[Start of section]

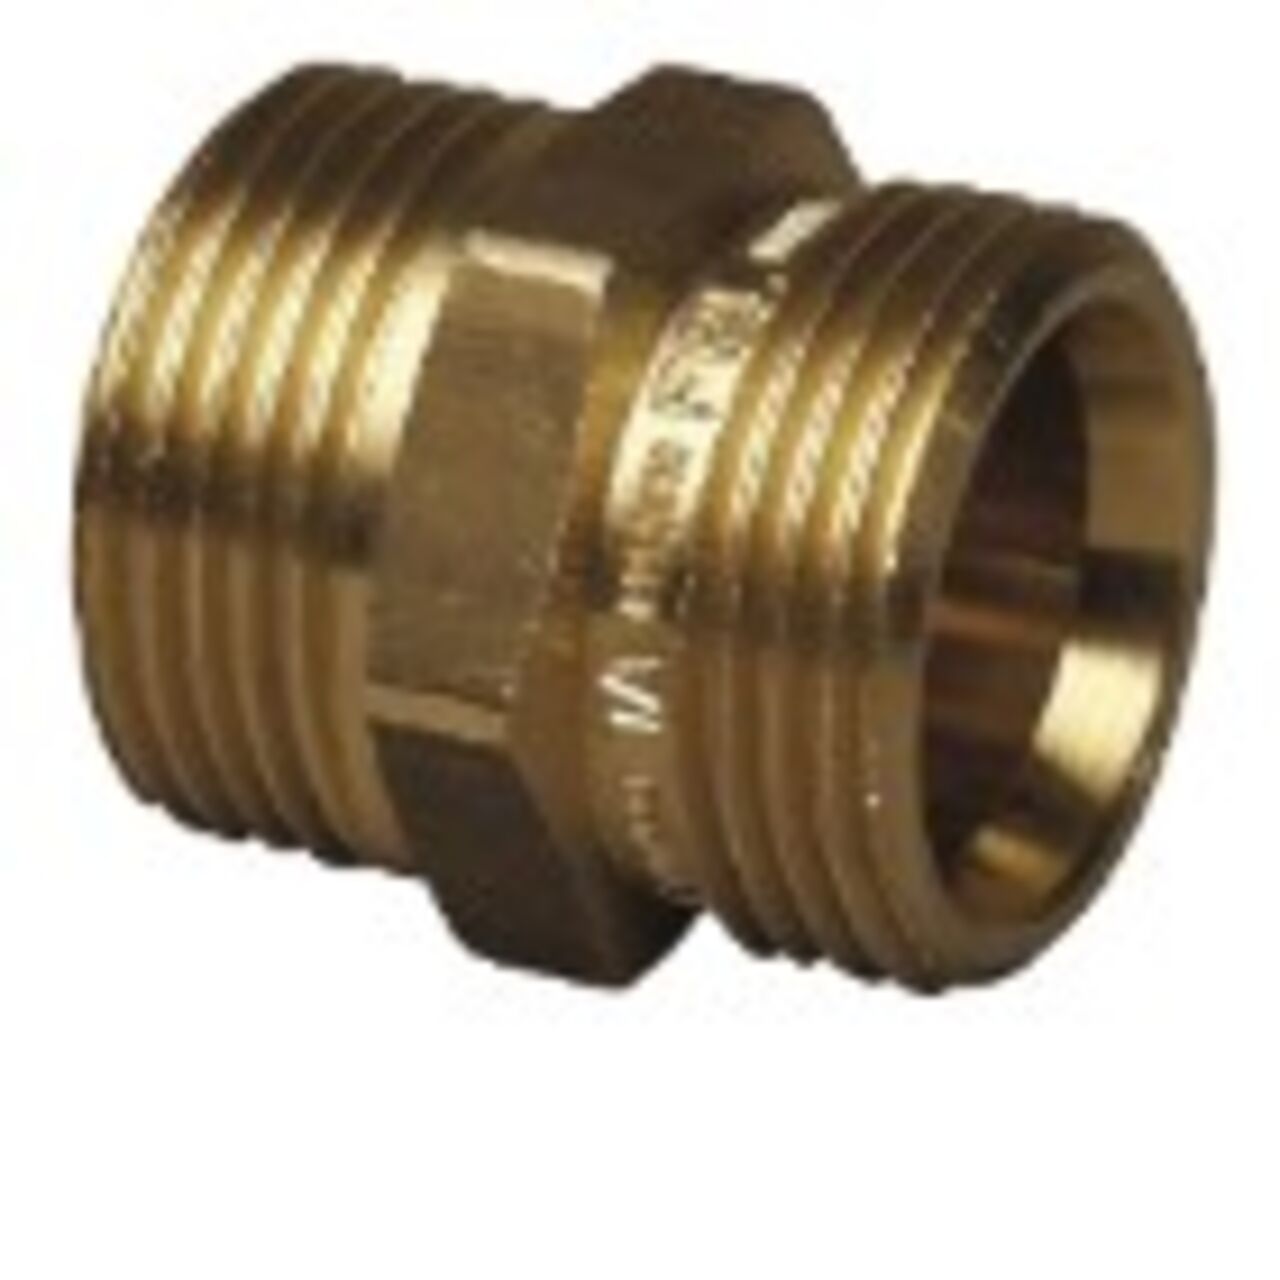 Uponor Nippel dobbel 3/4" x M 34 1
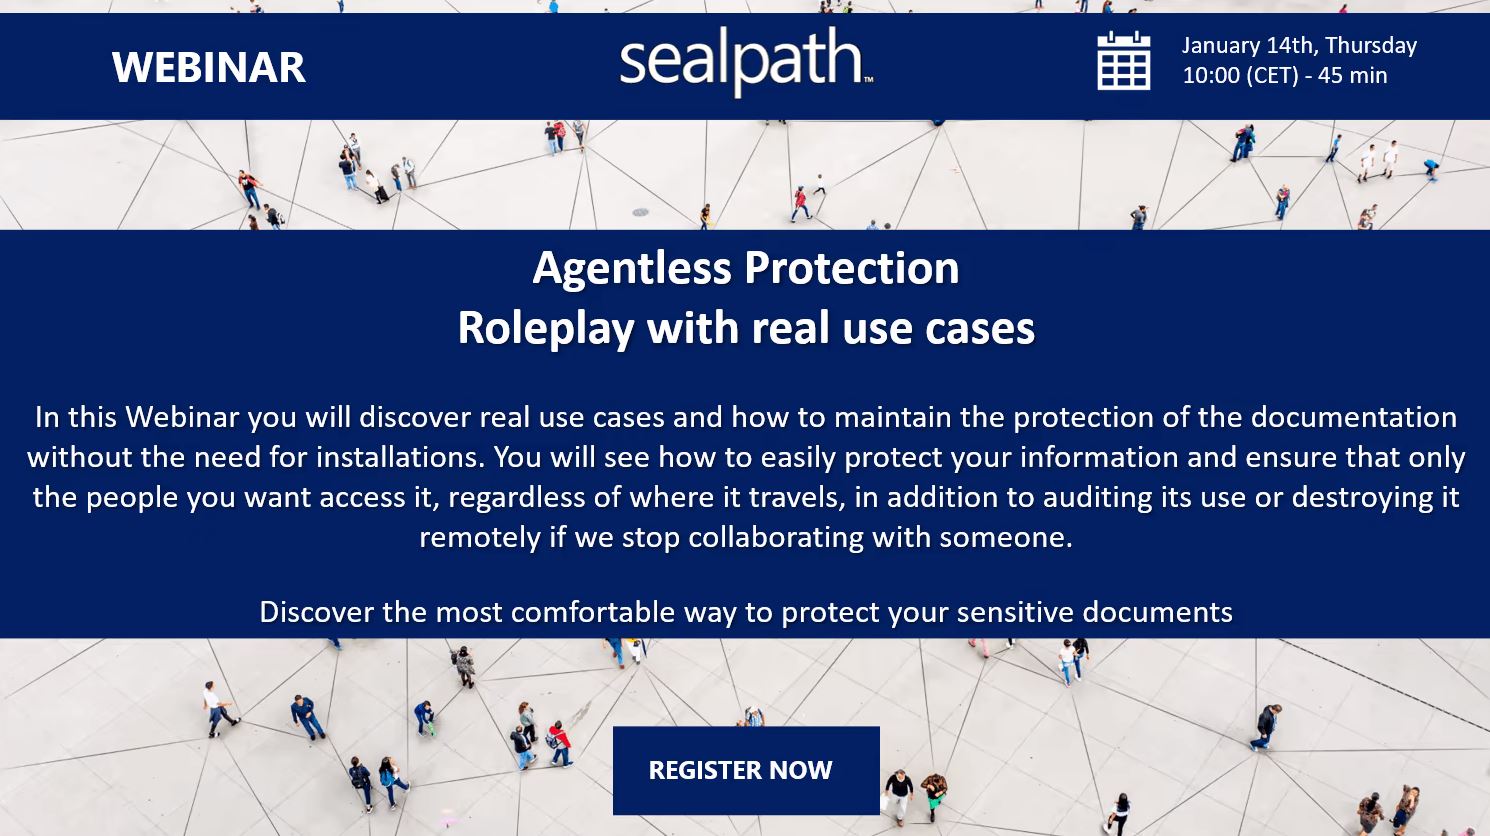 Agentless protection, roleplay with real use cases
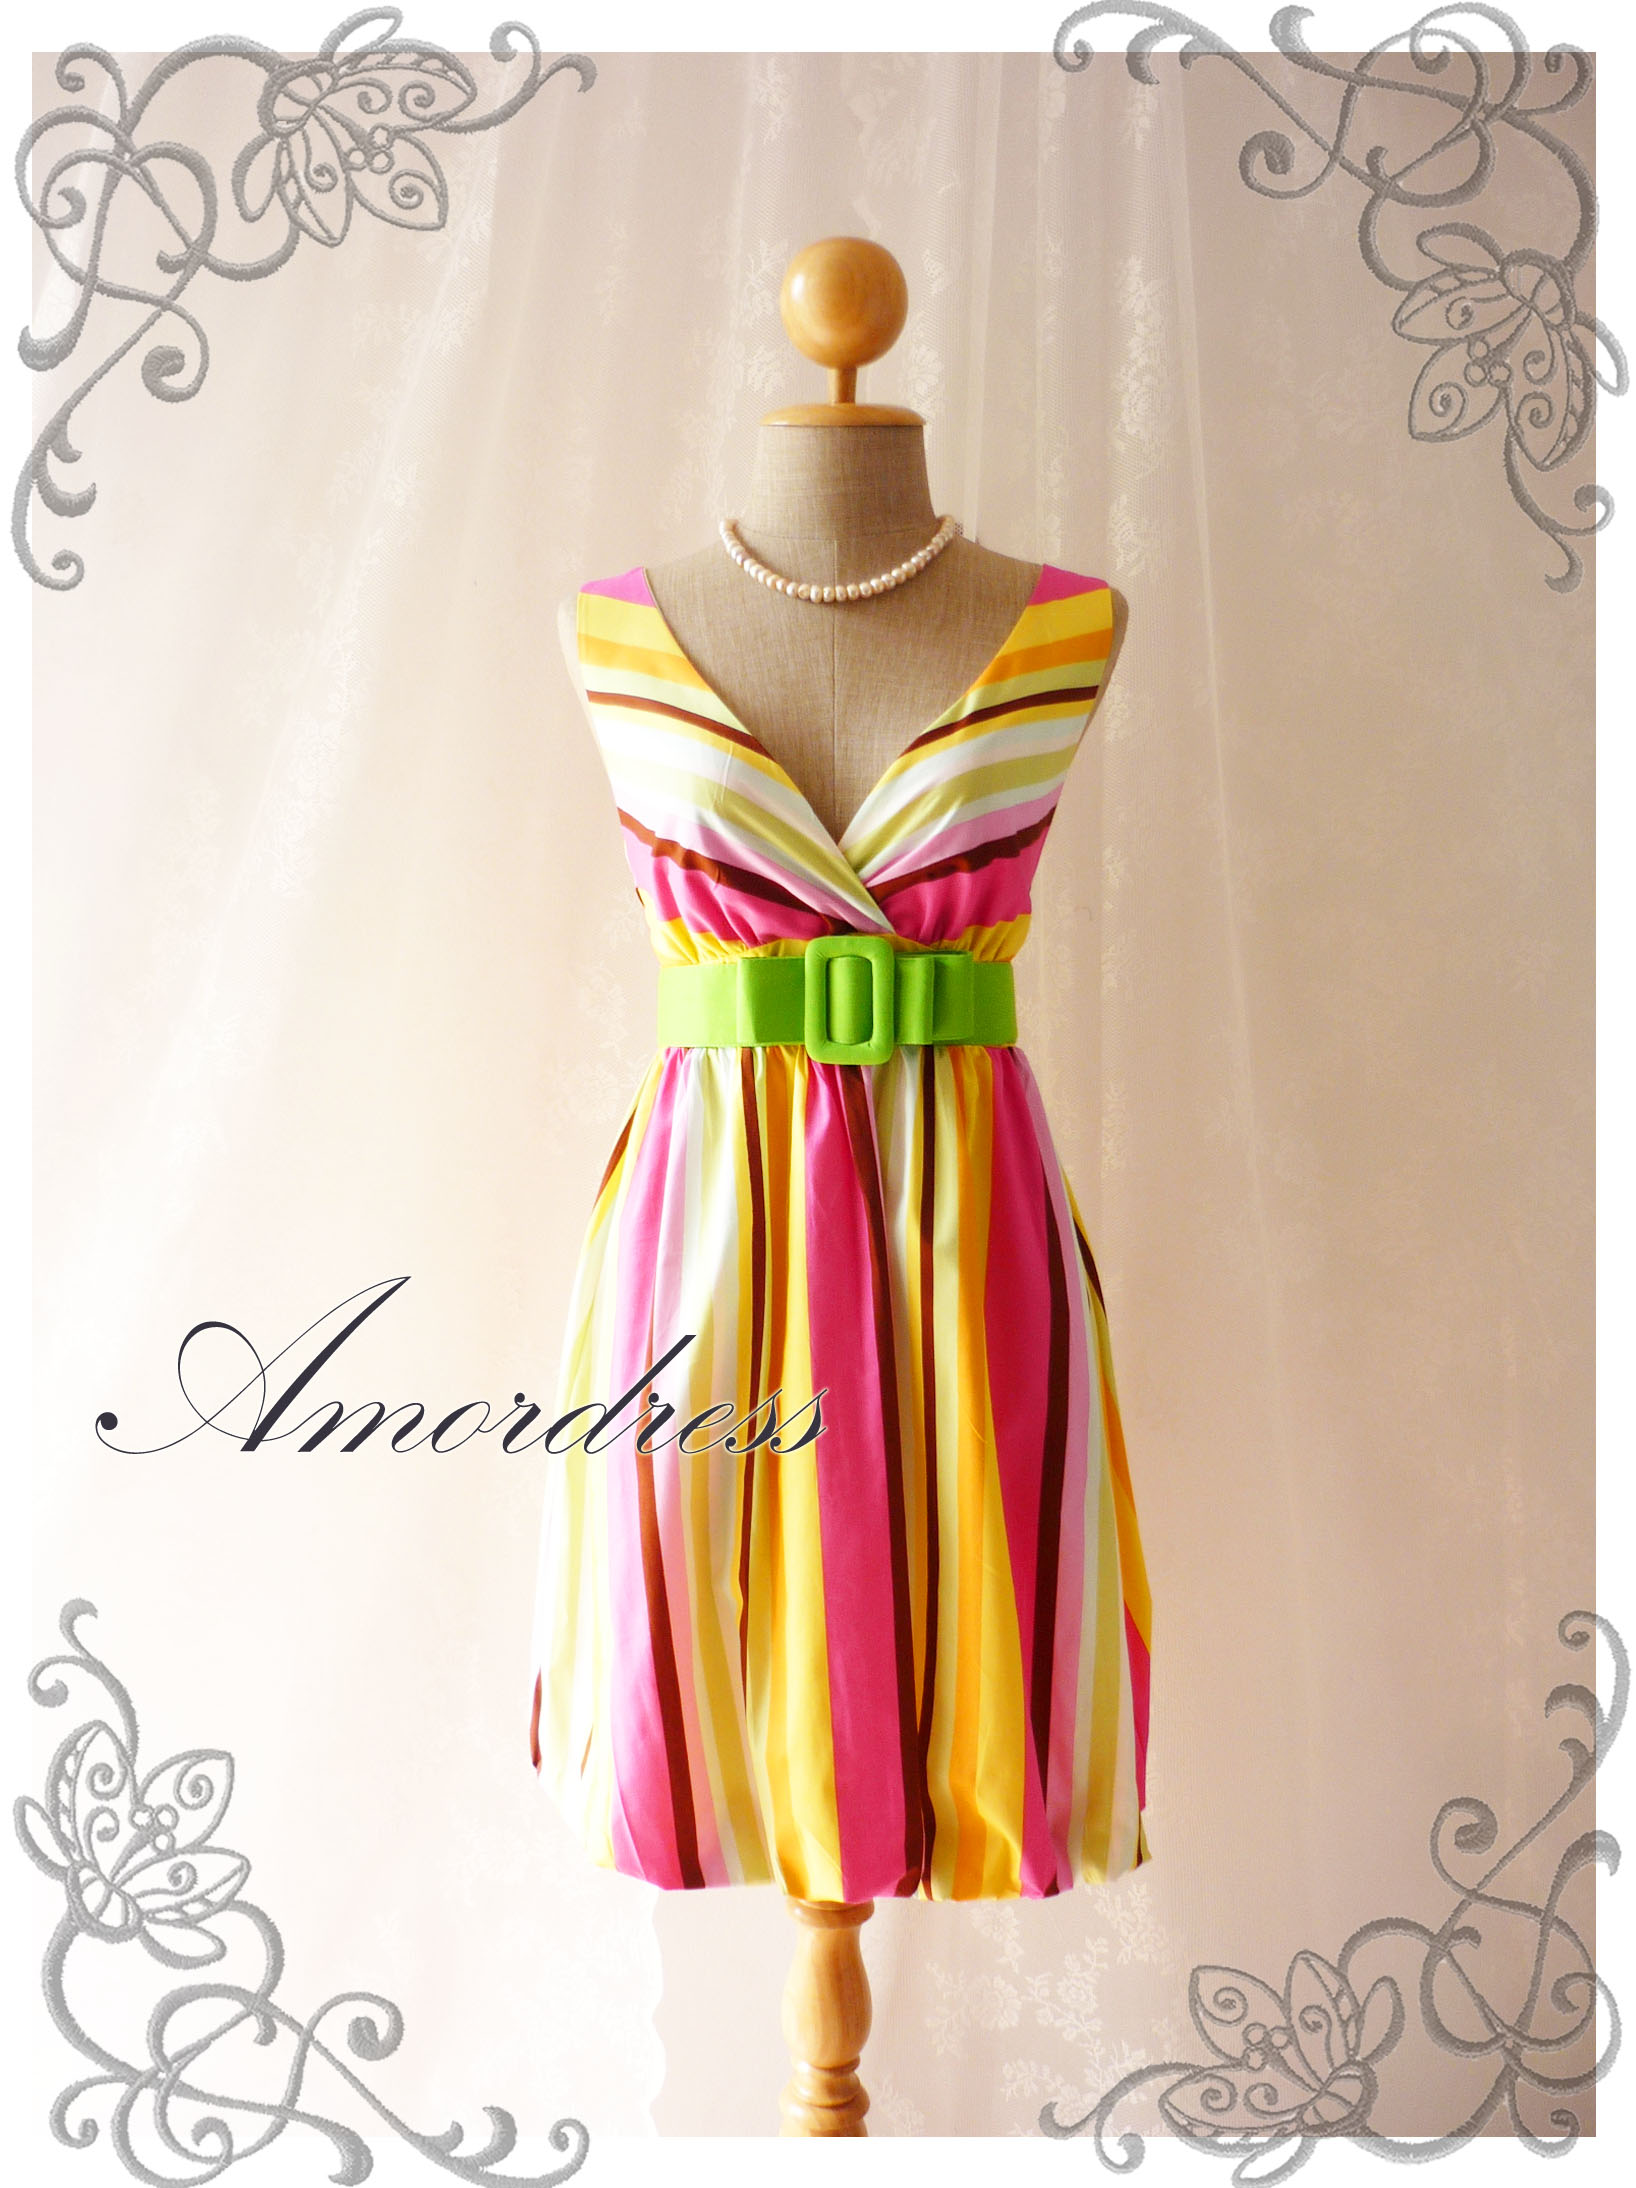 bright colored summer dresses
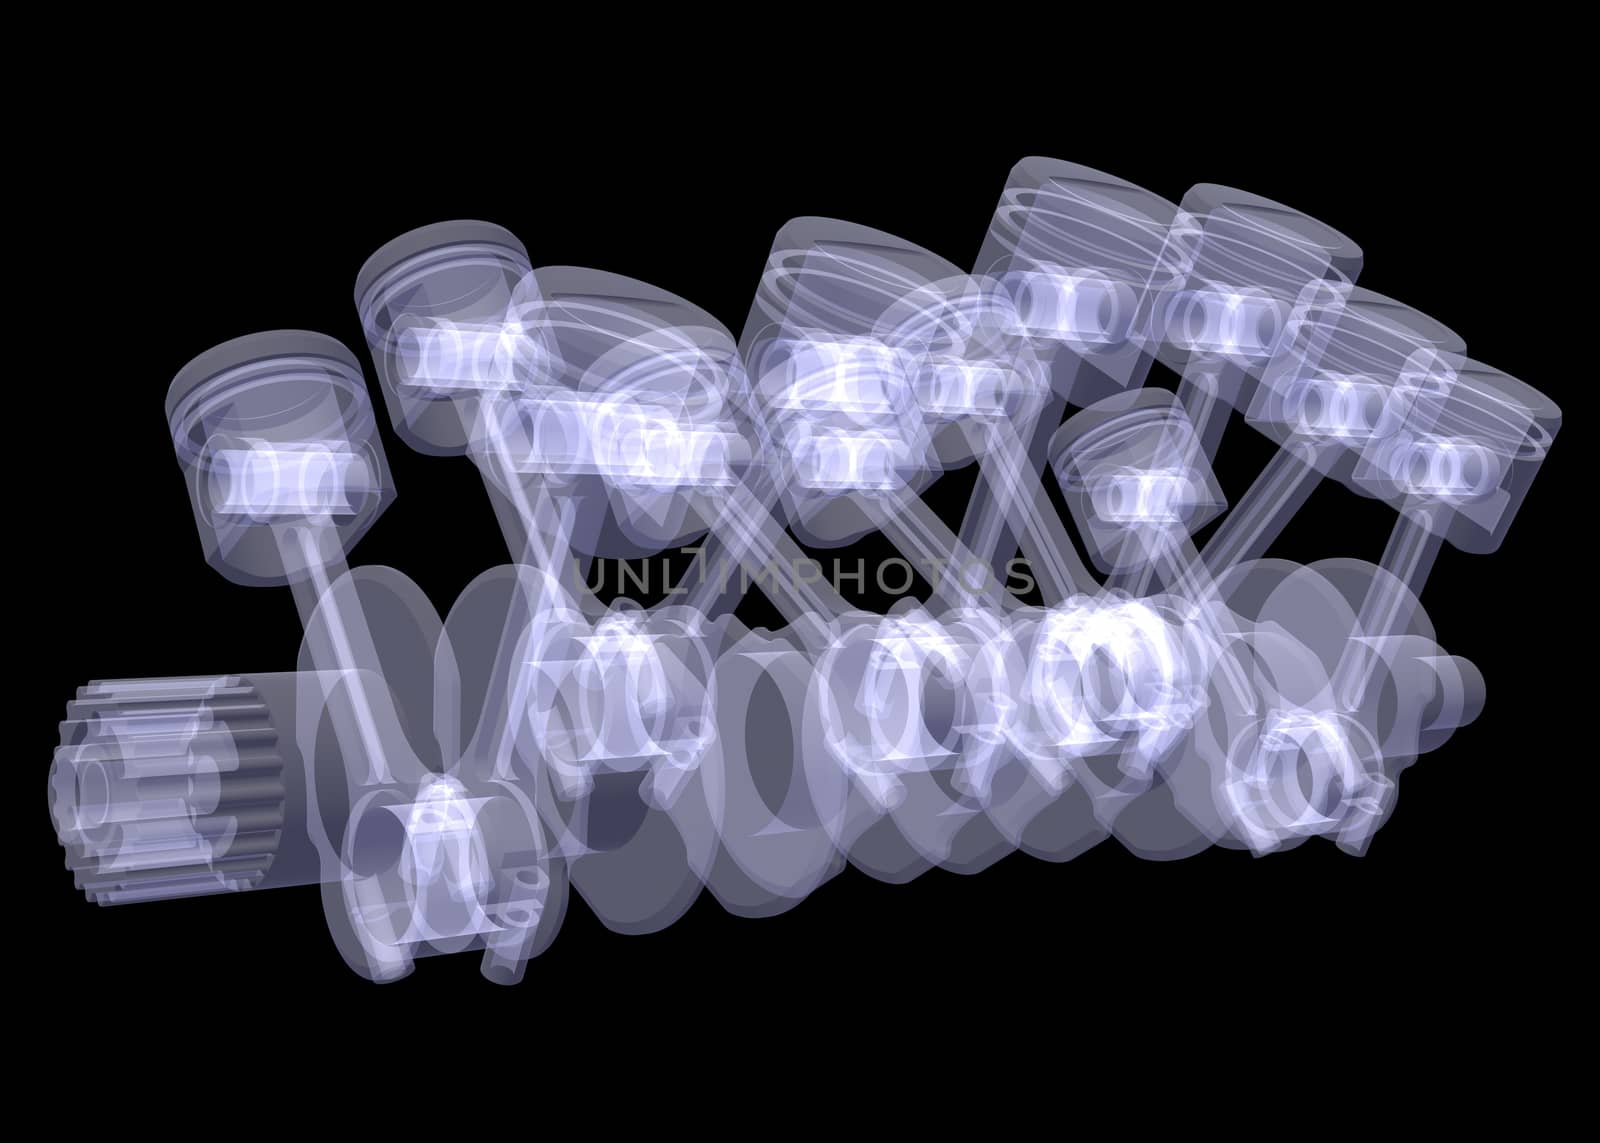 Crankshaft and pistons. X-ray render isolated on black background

[End of section]

• [Work required]
In the answer, the data should reappear exactly, with no pictures.

• [Answer to this exercise]
 Uponor Nippel dobbel 3/4" x M 34 1
 Agentless protection, roleplay with real use cases
 bright colored summer dresses
 Crankshaft and pistons. X-ray render isolated on black background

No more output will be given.